Syiahisasi dan Stigma Wahabi.Politisasi Isu Wahabi Sebagai Pemecah Belah Umat !

Syiahisasi dan Stigma Wahabi

Kamis, 13 Oktober 2016 - 12:31 WIB
Oleh: Ilham Kadir
Hakikatnya, teori syiahisasi dengan menggunakan istilah ‘Wahhabi’ adalah untuk menyatukan aliran gelombang penolakan terhadap mereka yang anti Syiah
BEBERAPA waktu lalu, tepatnya pada tanggal 8 Oktober 2016 telah diadakan pertemuan dan diskusi antara anggota civitas akademika yang berpaham, beraliran, dan penyebar ajaran Syiah.
Acara tersebut dihadiri tokoh Syiah, Dr. Haidar Bagir sebagai narasumber, berlangsung di Auditorium Sekolah Tinggi Filsafat Islam (STFI) Sadra, Jl. Lebak Bulus-II, No. 2, Cilandak, Jakarta Selatan. Ada juga pertemuan lain di tempat  berbeda bersama Ayatullah Qumi, Wakil Rahbar dalam urusan Luar Negeri, dan juga Ayatullah Majid Hakimullahi, Kandidat Direktur ICC Jakarta.

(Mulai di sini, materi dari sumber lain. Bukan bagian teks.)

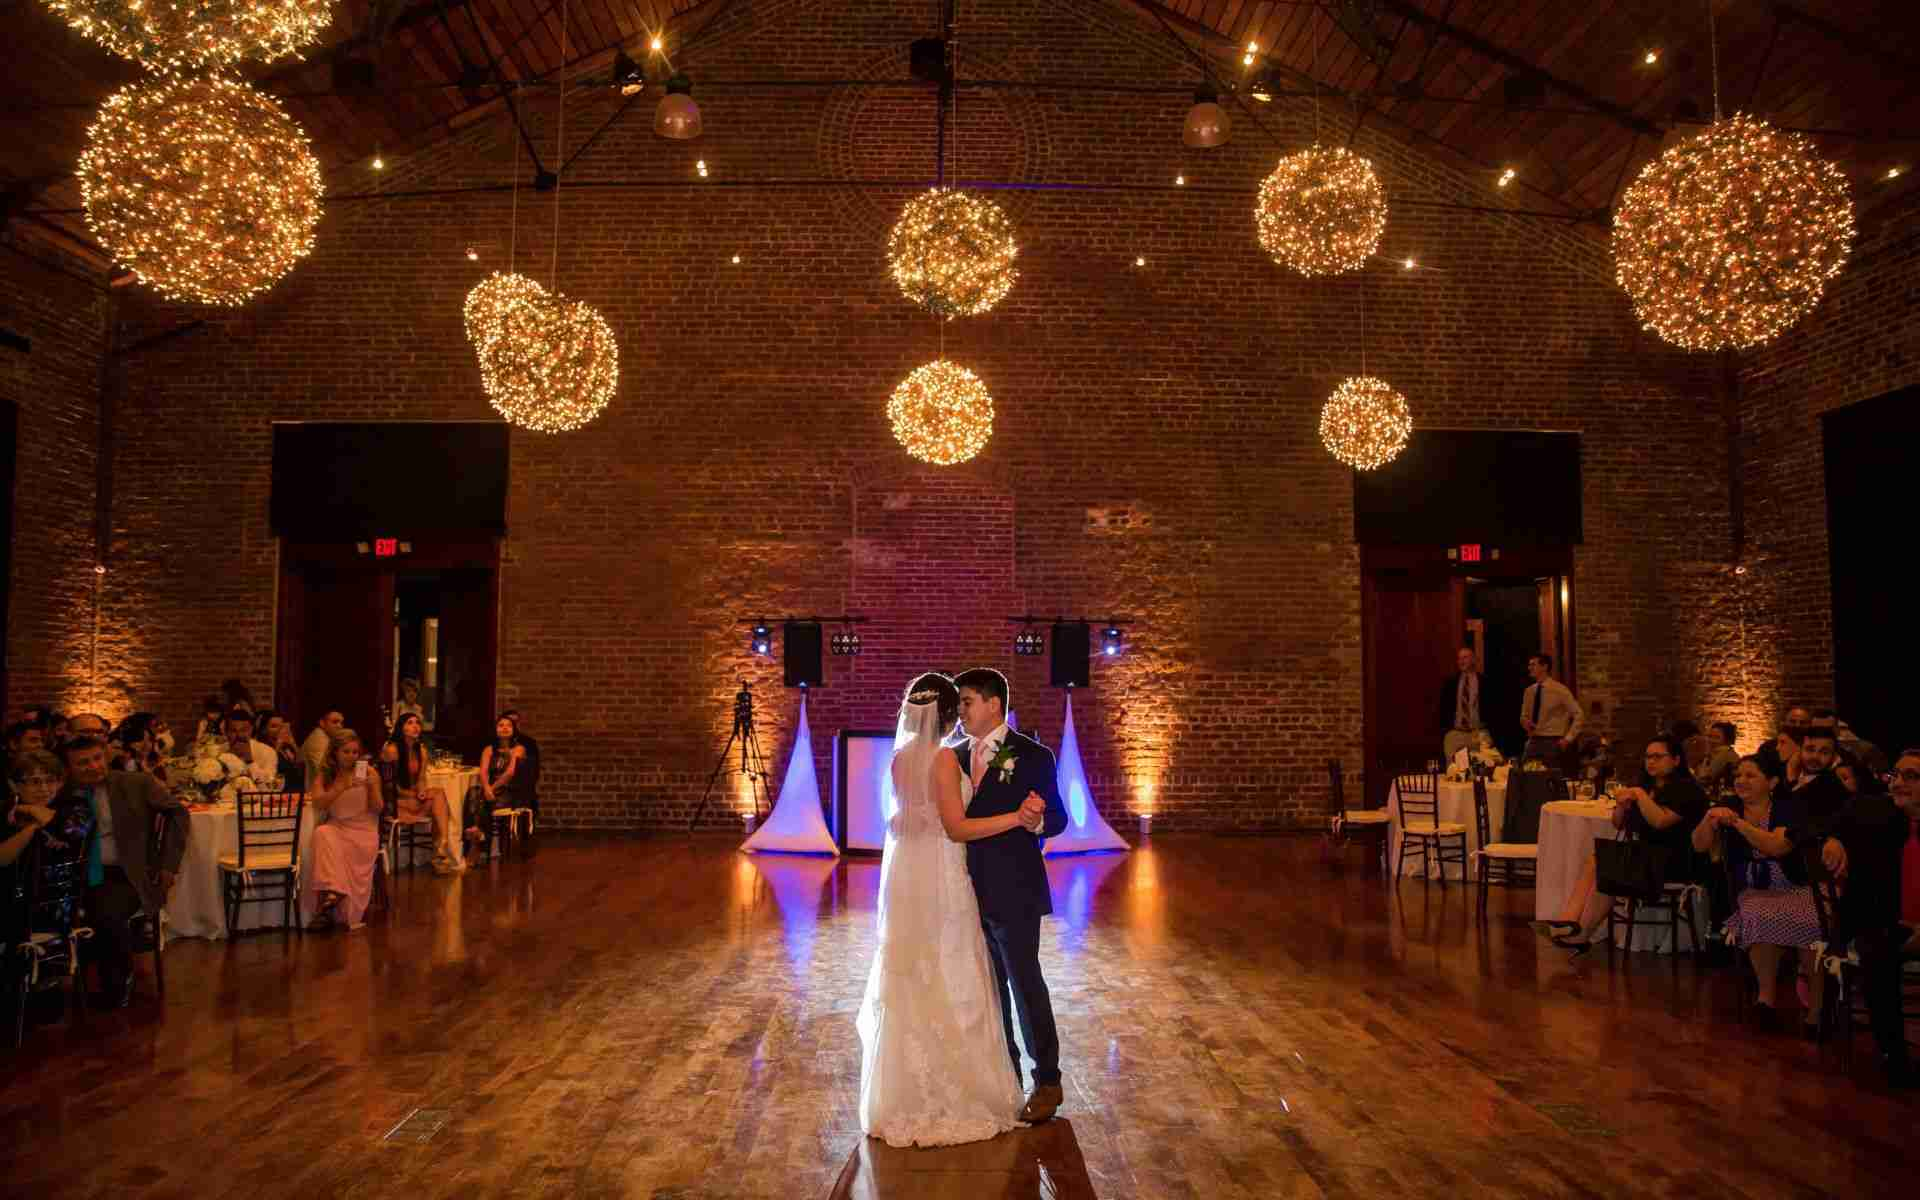 Latin Bride and Groom, First Dance, Charles Morris Center, Savannah, GA

Dalam dua pertemuan di atas, yang menarik adalah pertemuan yang berlangsung di STFI Sadra, diisi oleh Haidar Bagir dan kawan-kawan. Menarik karena berhasil menemukan sebuah teori ‘Syiahisasi Indonesia’ atau metode dan rumus-rumus jitu dalam melakukan penyebaran ajaran sesat Syiah di tanah air.
Mereka telah melakukan kajian, penelitian, dan pengamatan terhadap ummat Islam Indonesia, dan kesimpulannya adalah segenap kaum muslimin yang berada di bumi Indonesia, secara umum terbagi menjadi tiga bagian yaitu: 1) Wahhabi; 2) Jahhali; dan 3) Oportunis. Untuk mengetahui lebih dalam, mari kita cerna ketiga golongan di atas.

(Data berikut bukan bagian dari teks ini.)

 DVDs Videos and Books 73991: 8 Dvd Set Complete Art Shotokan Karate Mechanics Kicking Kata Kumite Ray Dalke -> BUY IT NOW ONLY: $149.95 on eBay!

Pertama. Bagi penganut Syiah, yang dimaksud dengan golongan Wahhabi adalah seluruh ummat Islam Indonesia yang tidak sejalan dan searah tujuan dengan ajaran mereka. Dalam konteks ini, Wahhabi tidak lagi diidentikkan dengan golongan Wahhabiyah, atau Wahhabiyun yang merujuk kepada paham atau ajaran dakwah yang dipelopori oleh Syaikh Muhammad bin Abdul Wahhab al-Tamimi al-Najdi.

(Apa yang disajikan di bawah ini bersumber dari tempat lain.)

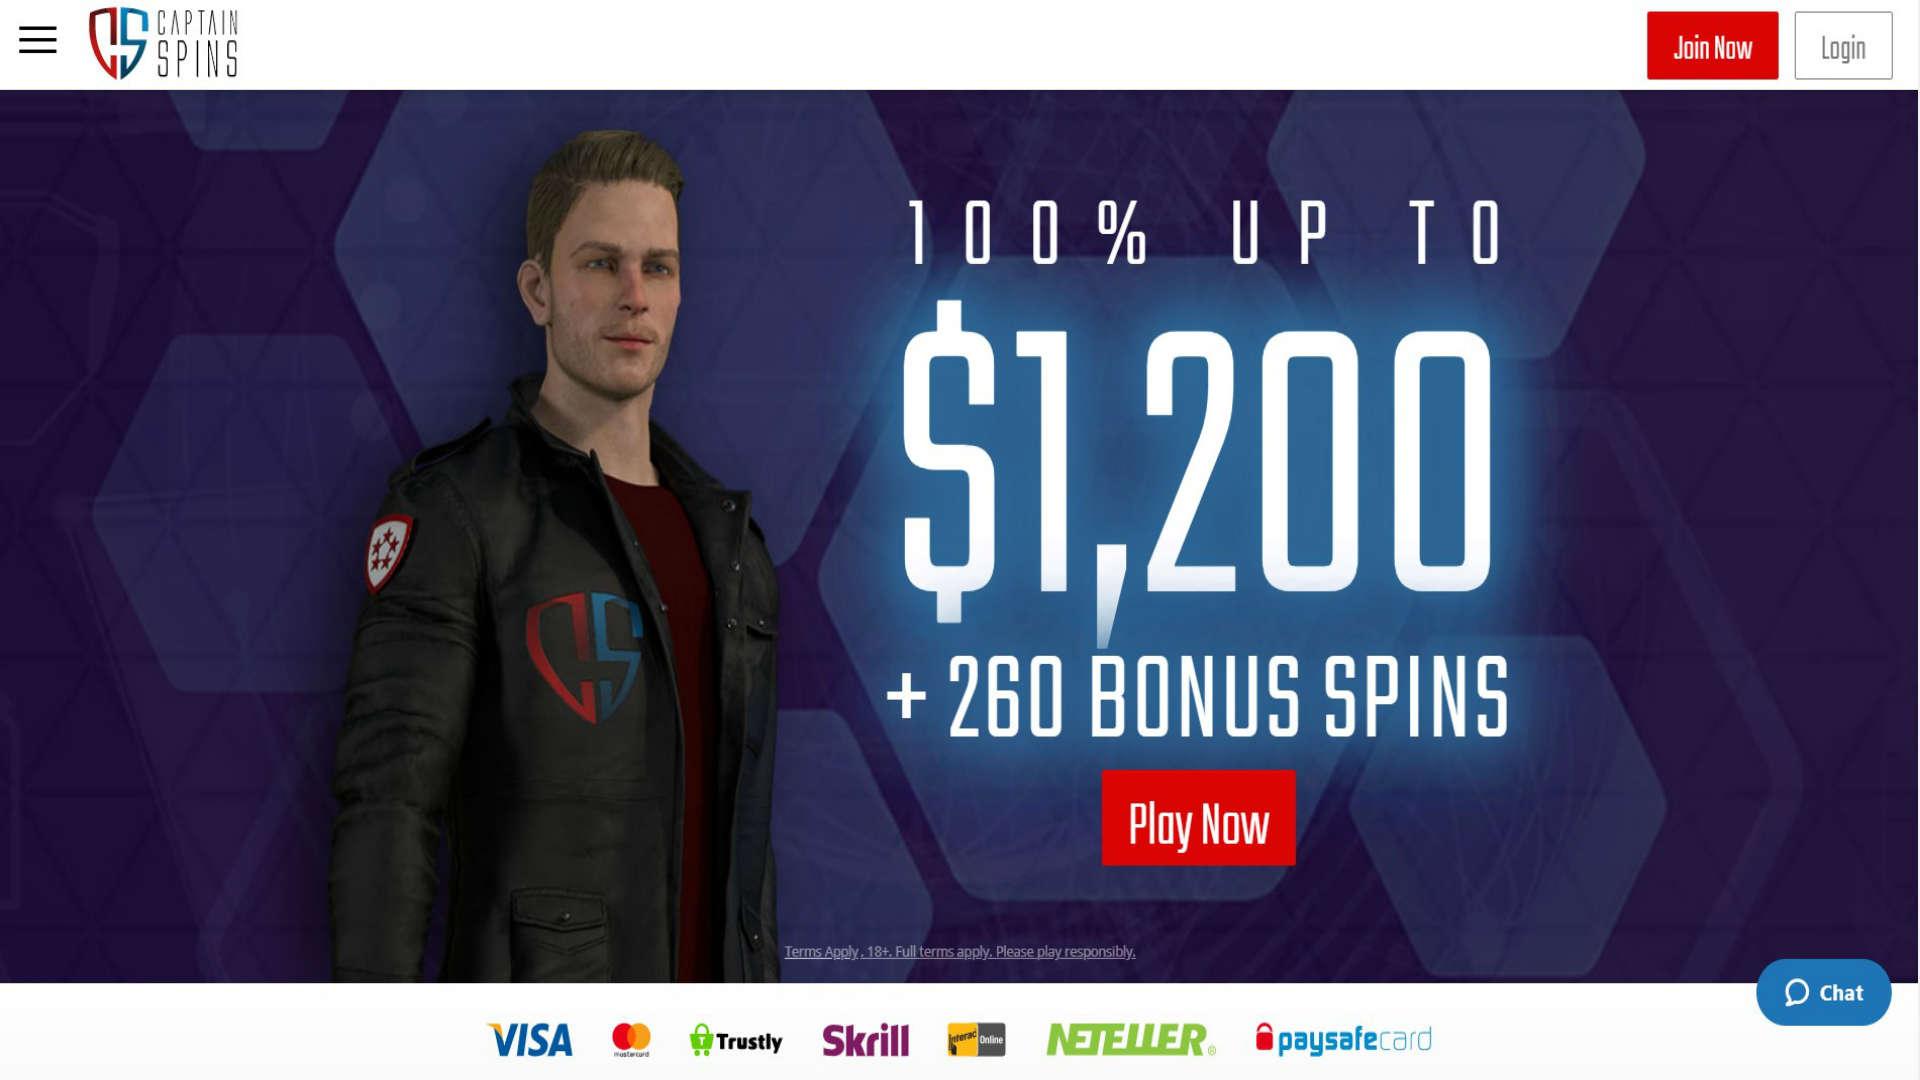 Captain Spins Casino screenshot

Artinya, Wahhabi dalam pandangan Syiah jauh lebih luas ketimbang Wahhabi yang selama ini dikenal luas oleh masyarakat musilm Nusantara yang mayoritas merujuk kepada tata cara beribadah ummat Islam di Saudi Arabia, dan biasanya didakwahkan oleh alumni-alumni Timur Tengah, aliran ini umumnya merujuk kepada mazhab fikih Imam Ahmad Bin Hanbal yang dikenal dengan Mazhab Hanbali.
Hakikatnya, teori syiahisasi dengan menggunakan istilah ‘Wahhabi’ adalah untuk menyatukan aliran gelombang penolakan terhadap mereka yang anti Syiah. Sebab, menurut mereka hanya golongan Wahhabi yang benar-benar memahami ajaran agamanya dengan baik dan benar sehingga sangat sulit dan bahkan mustahil untuk disyiahkan. Ajaran dimaksud adalah akidah yang benar dan diridhai Allah, Ahlussunnah wal Jamaah.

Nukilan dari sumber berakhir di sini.